While I’m not 100% sure, from your description it sounds like you have a previous version of RealPlayer. In RealPlayer 10, the user can select Tools/Preferences/Automatic Services and configure all of the background activity, including features that remain active when RP is not running. With just a couple of mouseclicks, the user can disable all background services.

Compare how our software works to Microsoft’s. Have you ever tried to "uninstall" Windows Media Player? All Windows does, in its own words, is "removes access to Windows Media Player from the Start Menu and Desktop," yet it doesn’t actually get rid of the software. If you uninstall RealPlayer, we uninstall the whole enchilada. Same with mime types: we ask you what mime types you want our player to play, and then we only play those. On the other hand, when you upgrade your version of Windows, it takes the mime types it wants to without even asking. What’s more, we’ve been told by reliable sources that Microsoft writes into its contracts with computer OEMs that the OEM MUST make Windows Media Player the default player for major mime types, otherwise the OEM doesn’t get access to critical marketing funds that every PC manufacturer needs to stay in business.

Regarding your question of why we have put the features you want on specific menus, I will ask the guy who runs our player product group to take a close look at how we can make control of the specific features you have described even more obvious. My guess would be that the tradeoff is making the features available to technical users without confusing average users. Even so, we’ll try to do even better next time. I promise that we will do our best to keep improving our software for both regular consumers and technical users. "
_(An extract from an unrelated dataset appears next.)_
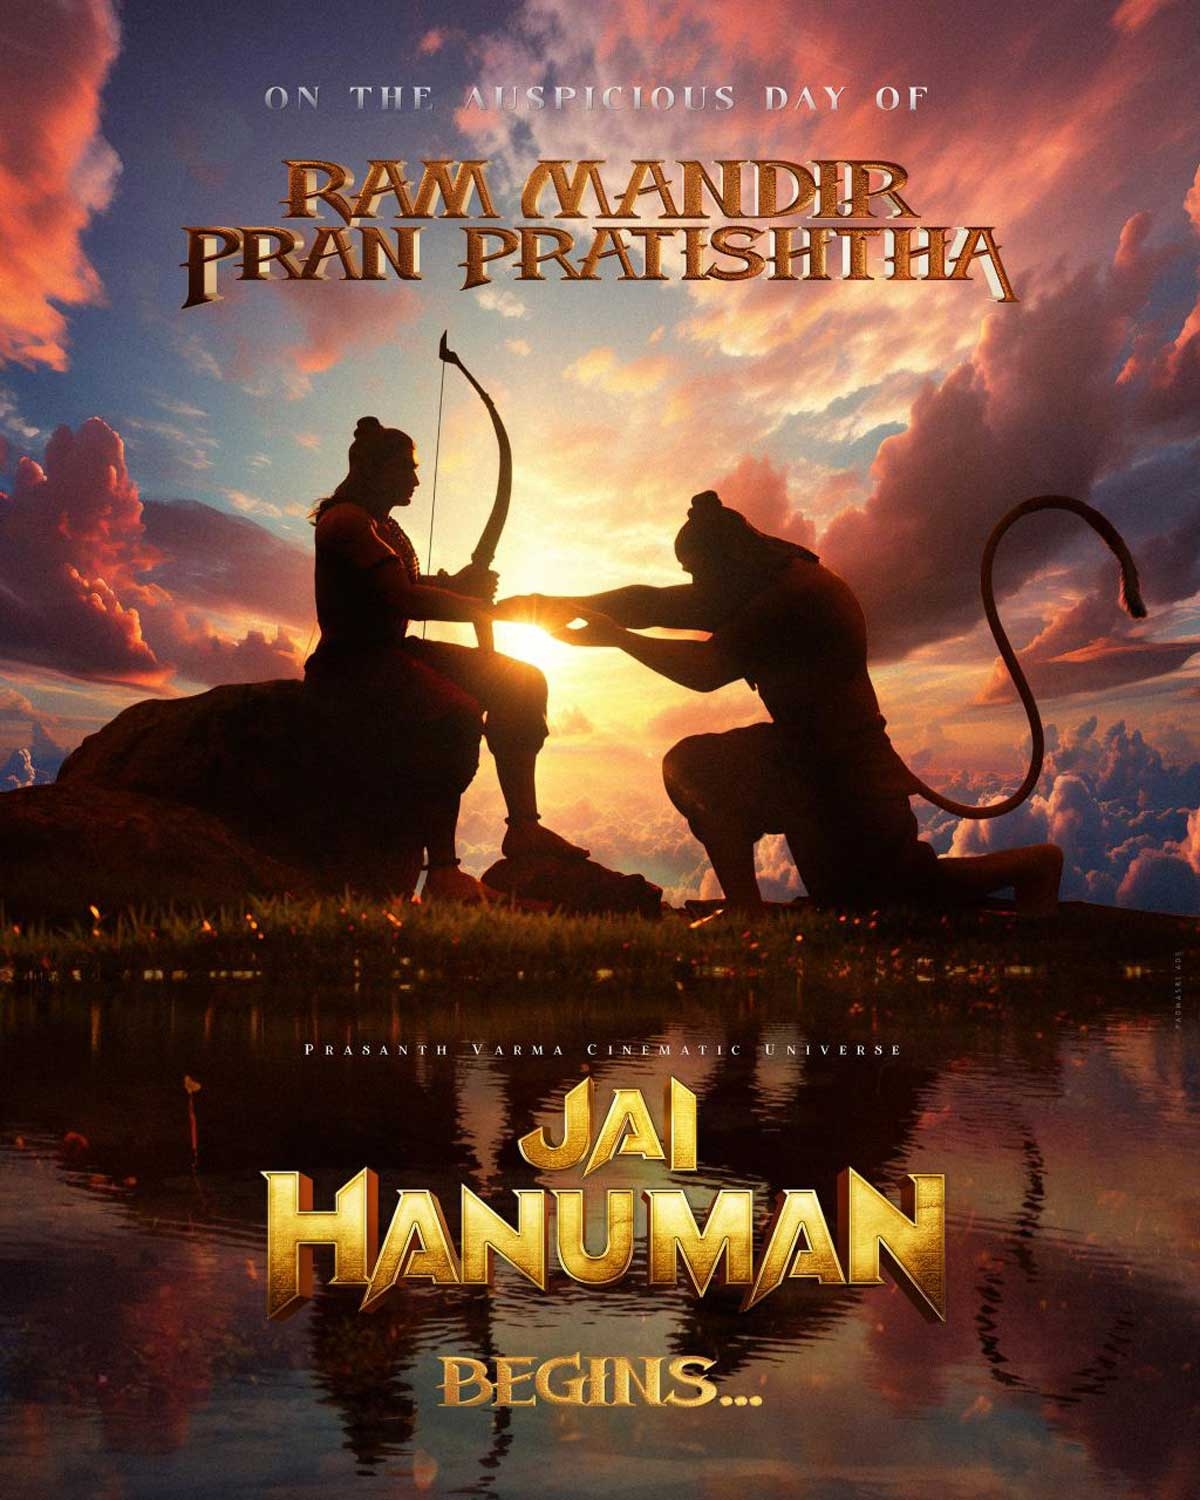 HanuMan director Prashanth Varma commences Jai Hanuman

"We’ll try to do even better next time," says Glaser.  Good grief, man…you’re on version ten of this thing already.  You haven’t listened to customers since the company was founded.  Your marketing department is out to lunch. You make it impossible to cancel a subscription once it is started.  Your product is accused of being spyware and adware (so much so that the BBC apparently requested its own version that was malware-free).  Why should customers believe you?
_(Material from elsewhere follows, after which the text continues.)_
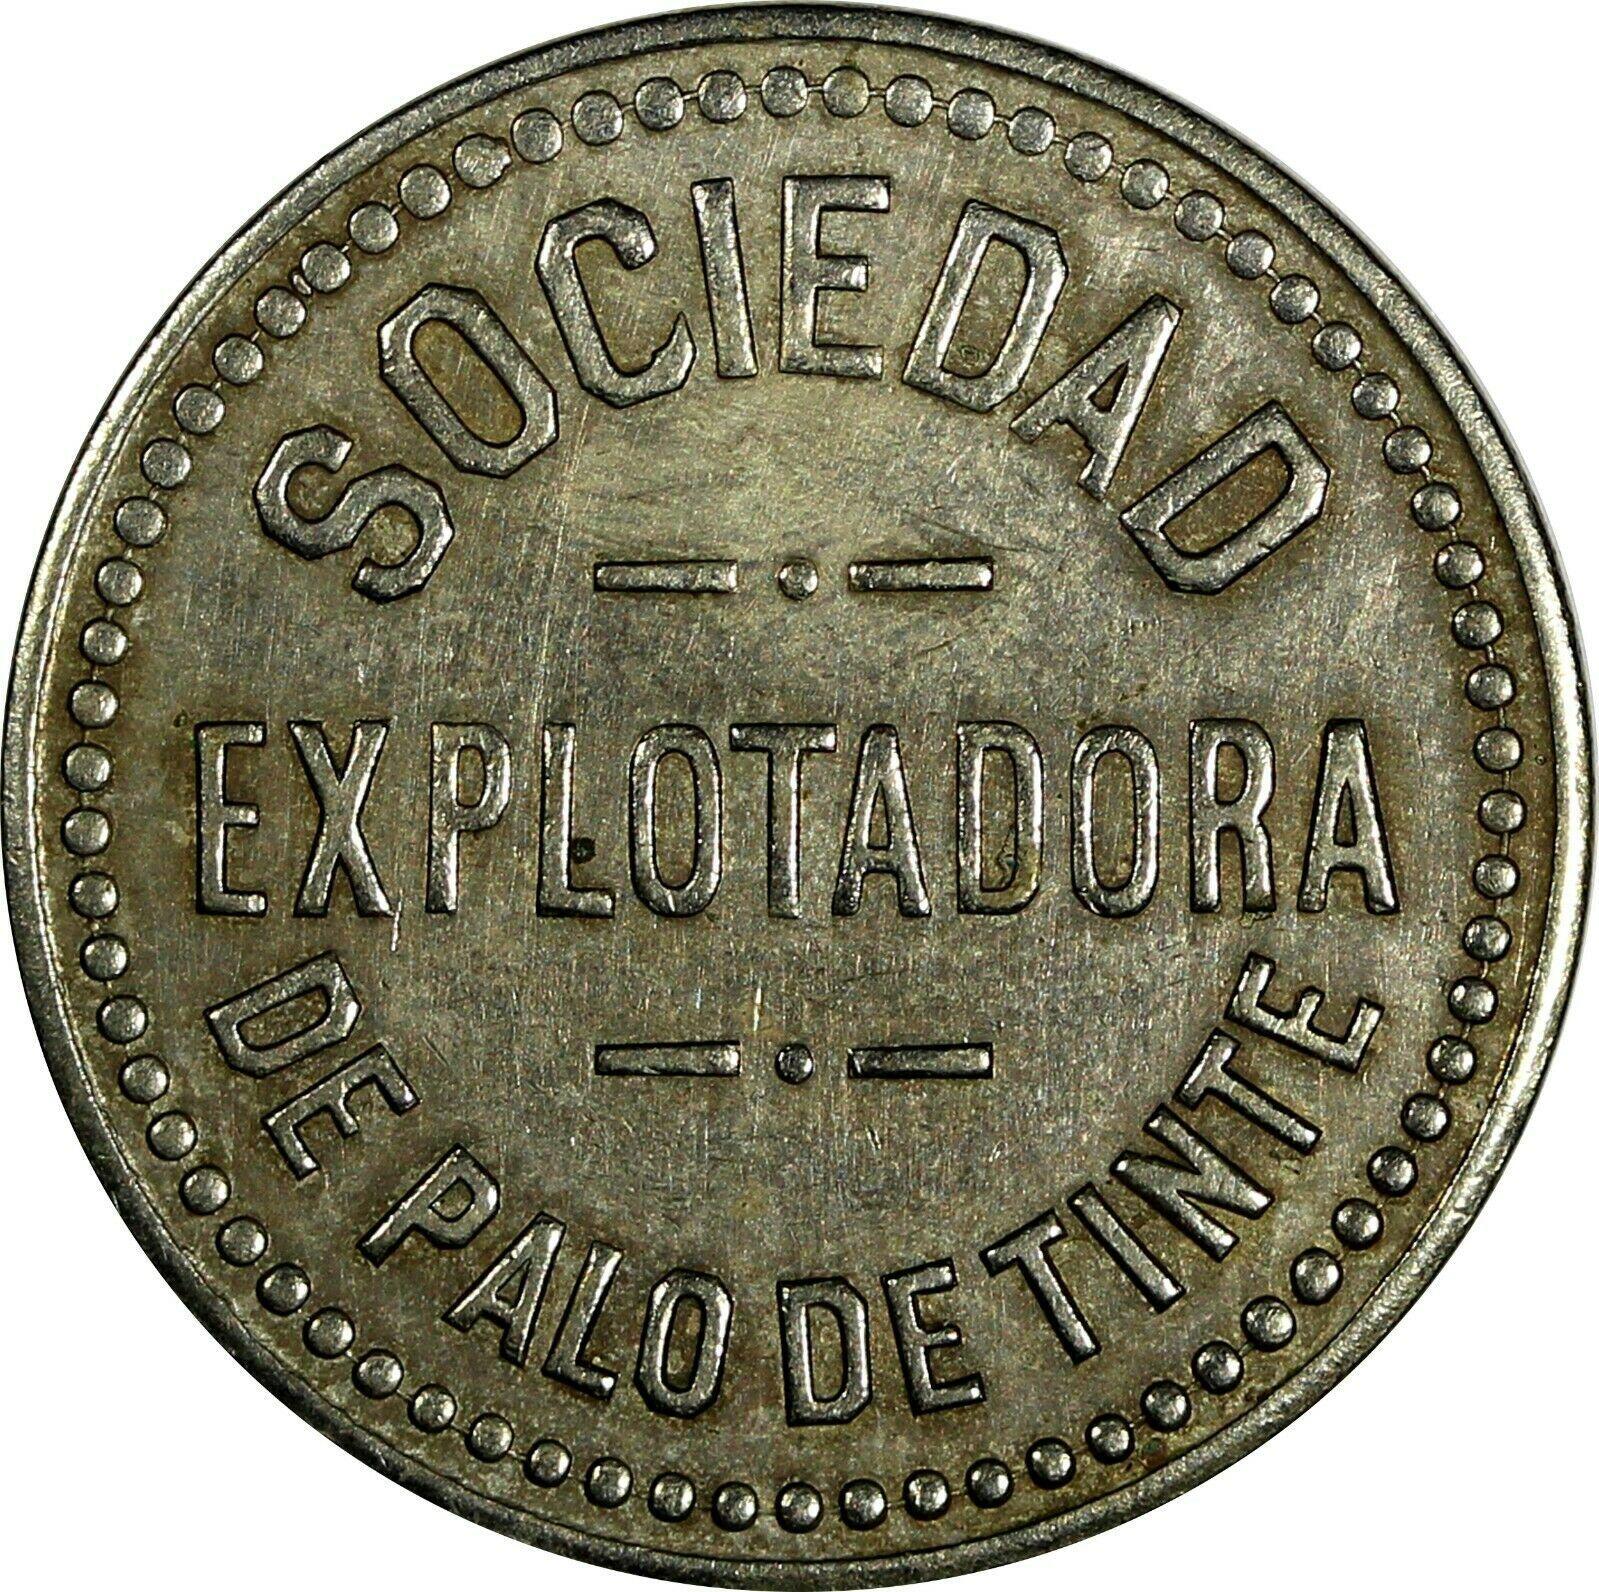 25 Centavos Mexico Token (1930) Sociedad Explotadora de ...

Here are my predictions on where this story is going to go.  Real is going to continue to swim upstream against not only Apple and Microsoft, but also a host of others such as in the downloadable music and video space.  They will continue to attempt to cut deals with "last mile" intermediaries such as Comcast, Earthlink, and others to get automatically installed on desktops in the gaming space.  They will work with Vodaphone, Nokia, Sprint and others to get their players as the "default" media and game players on mobile devices.  And maybe this "ignore the customer, but focus on the intermediaries" strategy will be successful for them, which will only happen if they are able to get complete lock-in, which is increasingly unlikely as other alternatives become available. 

I wonder if at some subconscious level, Glaser knows that this strategy is too broad, and opens Real up to a death by a thousand cuts from a variety of competitors.  This is almost inevitable, since he doesn’t have a customer base to back him up (as was shown by the Apple petition debacle).  Maybe that’s why he’s already picked out his next career?